The problem: Please transcribe the listing below in full, exactly as written, leaving out its pictures.

Dataset extract:
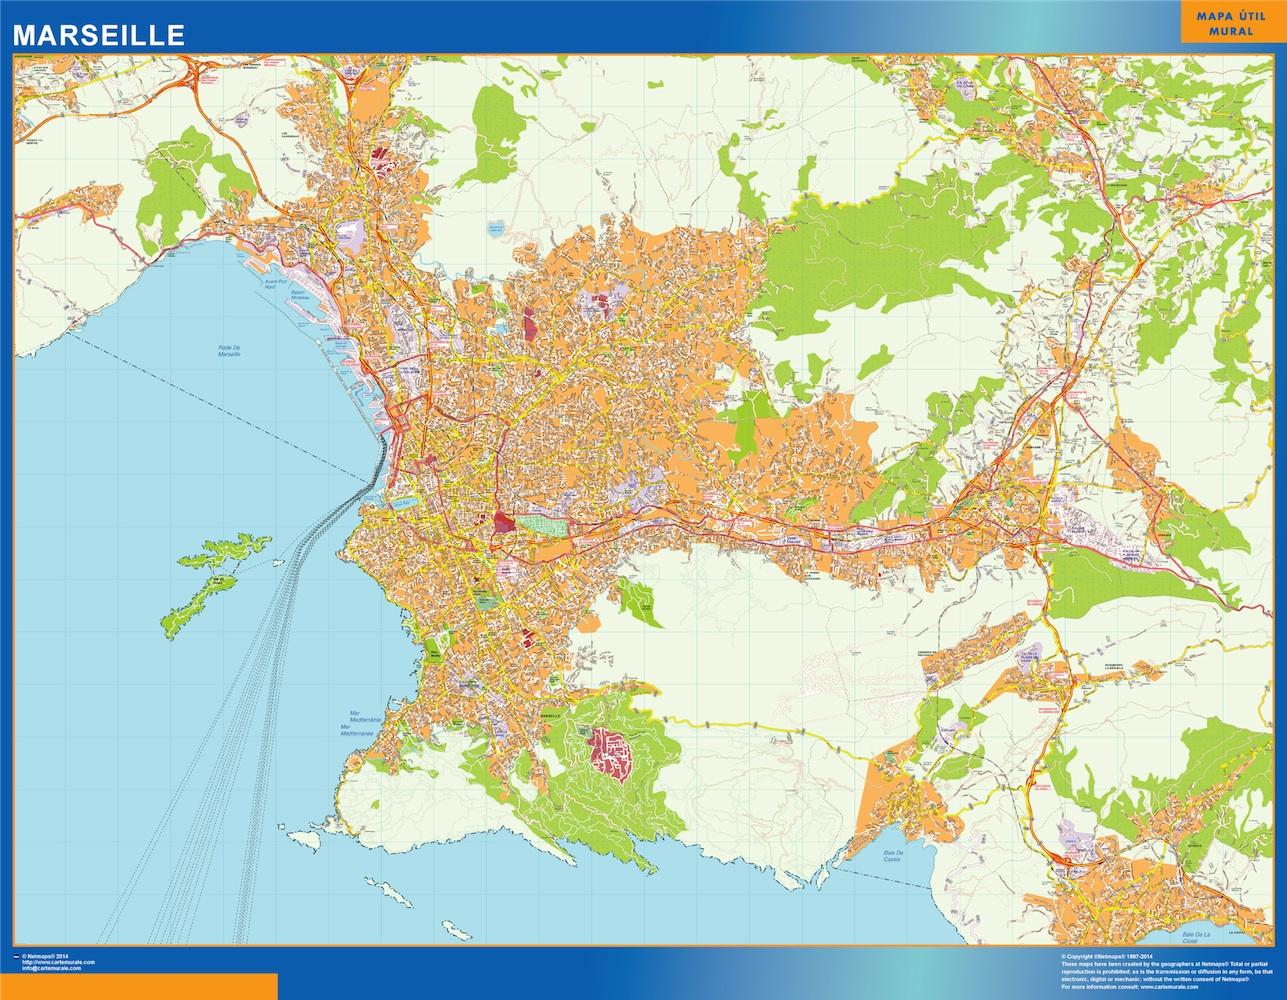 marseille street map
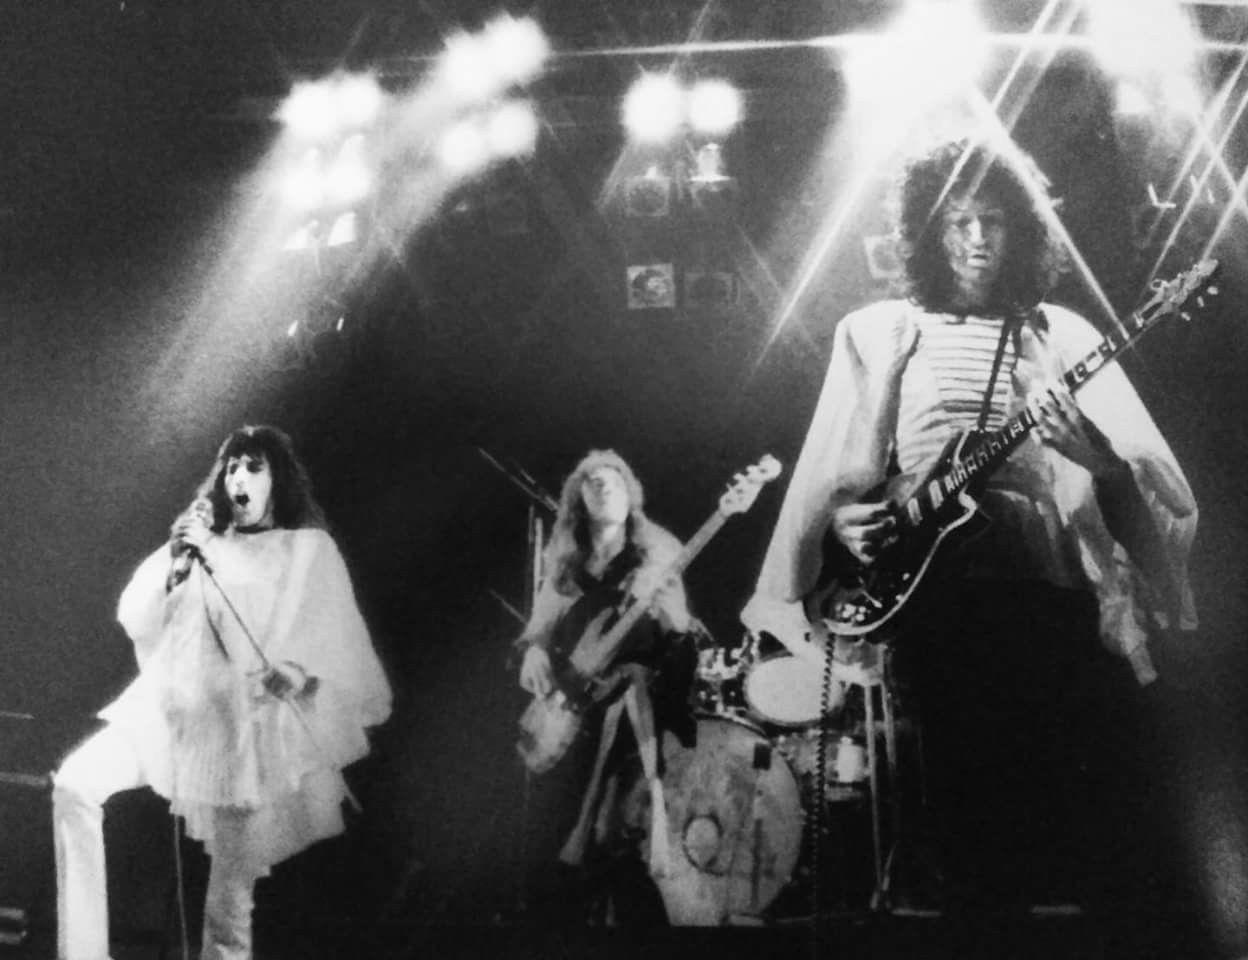 Queen live (May 1974?)
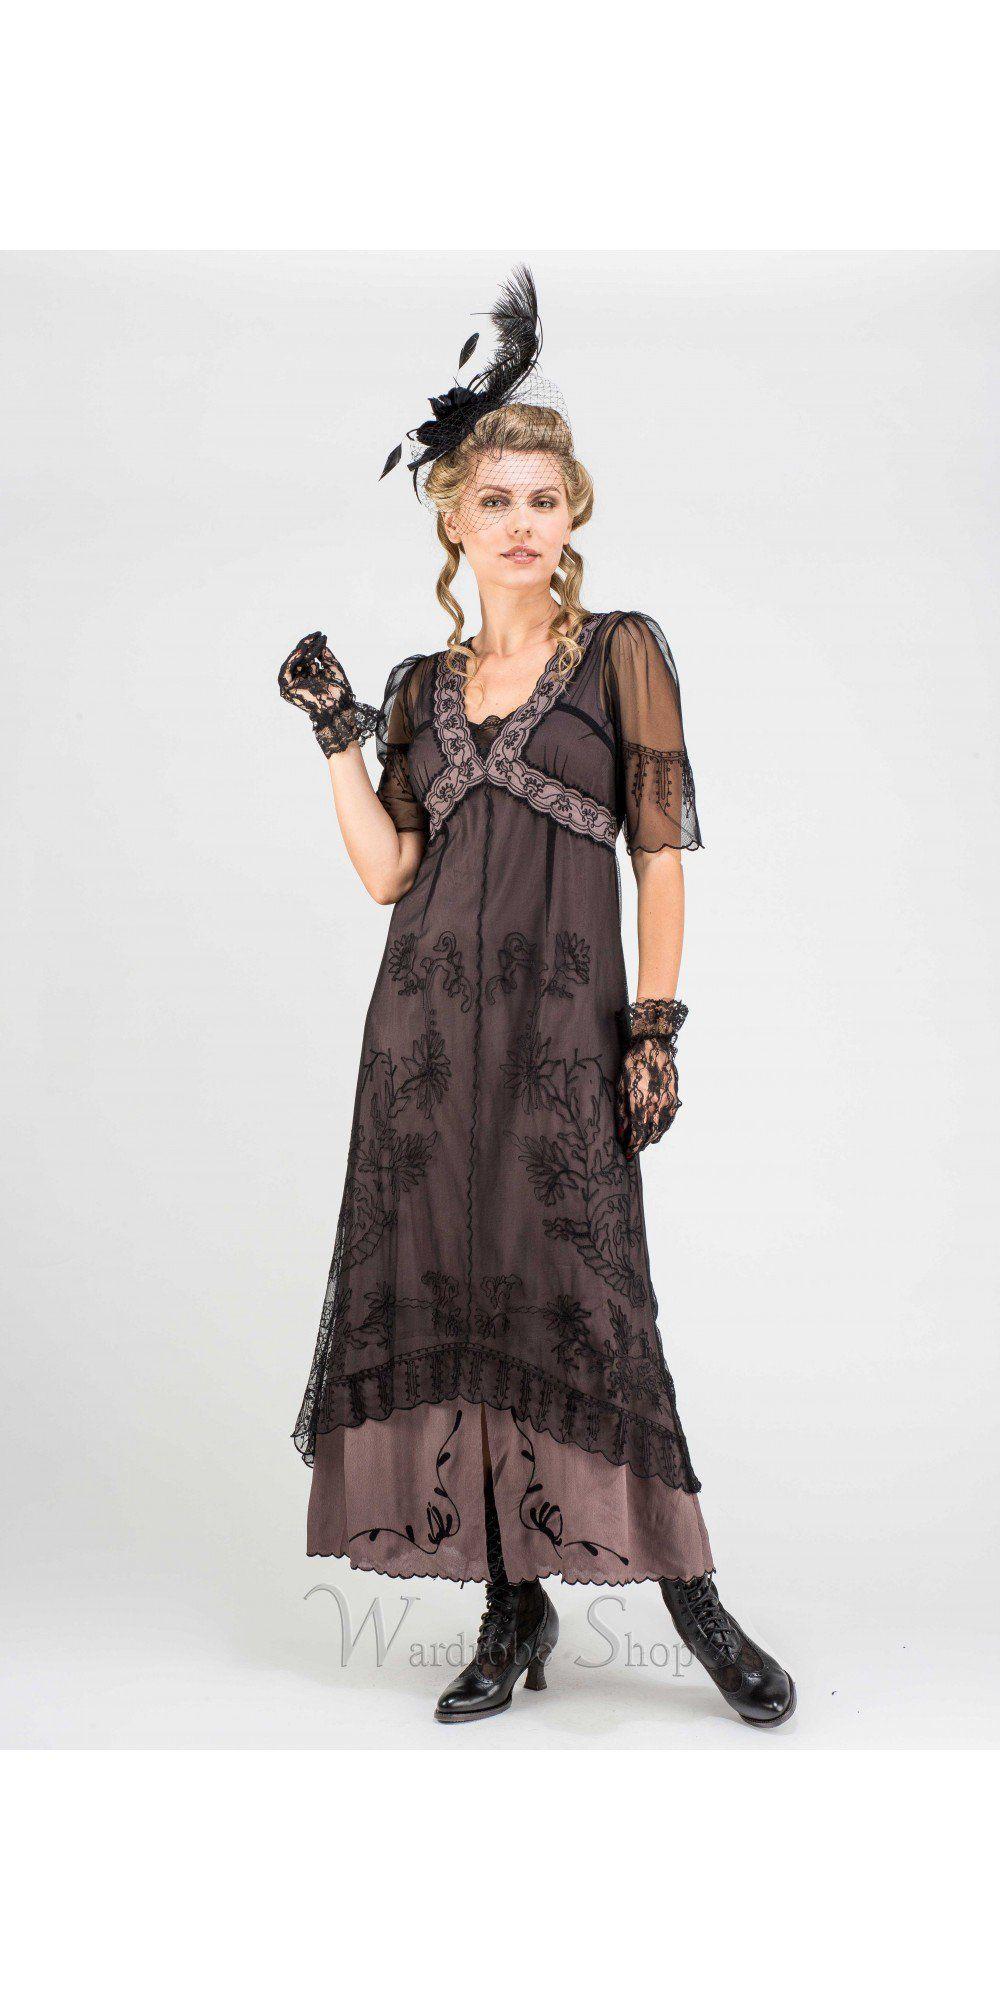 New Vintage Titanic Tea Party Dress In Black Coco By Nataya Tea Party Dress Romantic Dress Titanic Dress [ 2000 x 1000 Pixel ]
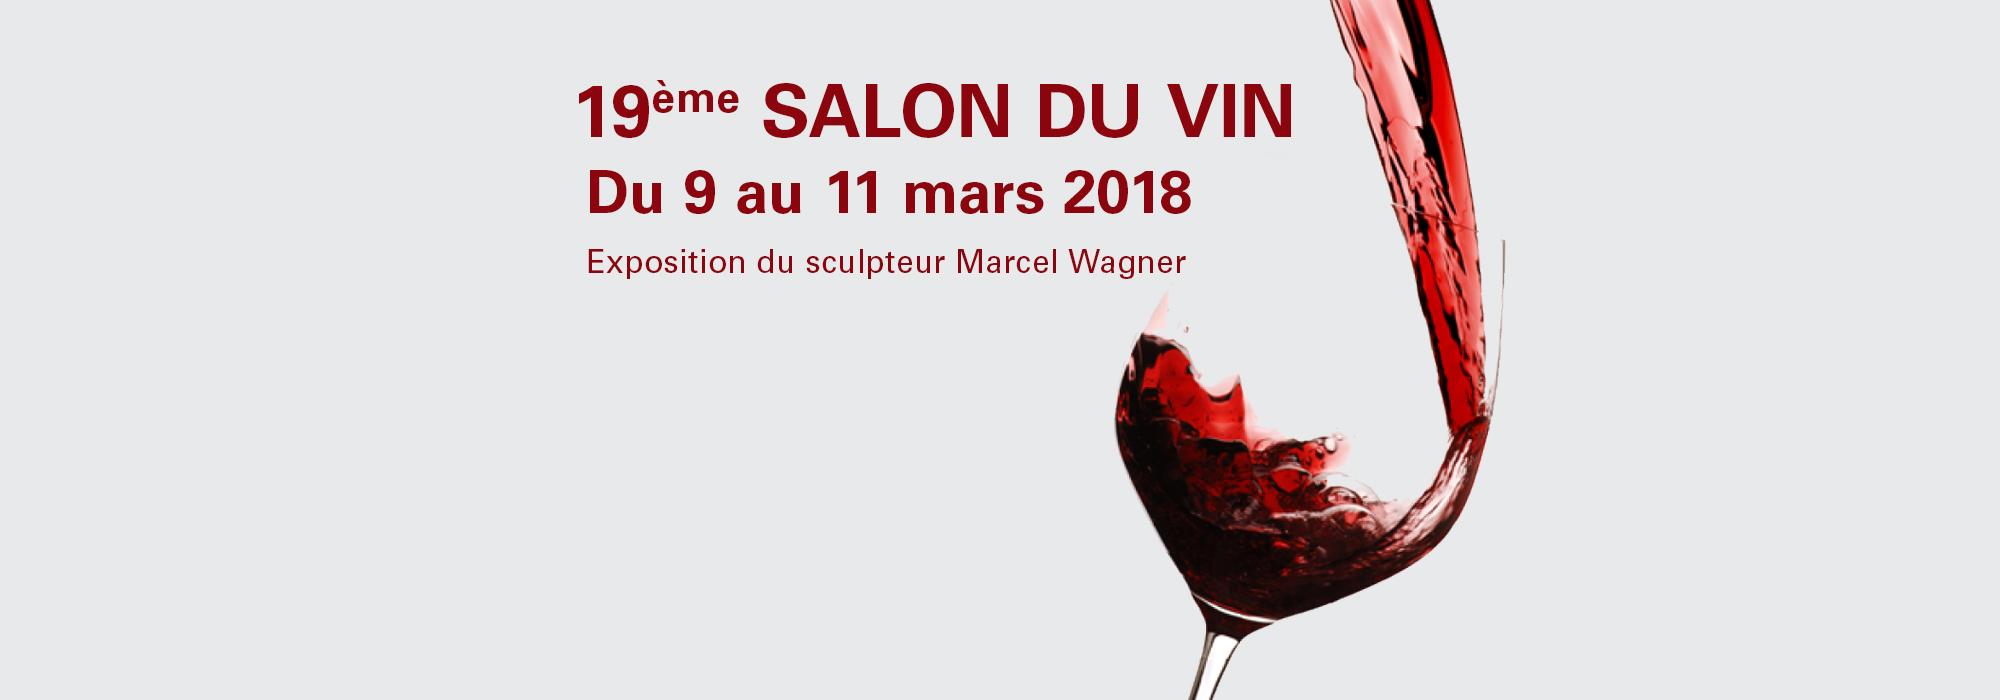 Salon du Vin 2018

Task output:
 marseille street map
 Queen live (May 1974?)
 New Vintage Titanic Tea Party Dress In Black Coco By Nataya Tea Party Dress Romantic Dress Titanic Dress [ 2000 x 1000 Pixel ]
 Salon du Vin 2018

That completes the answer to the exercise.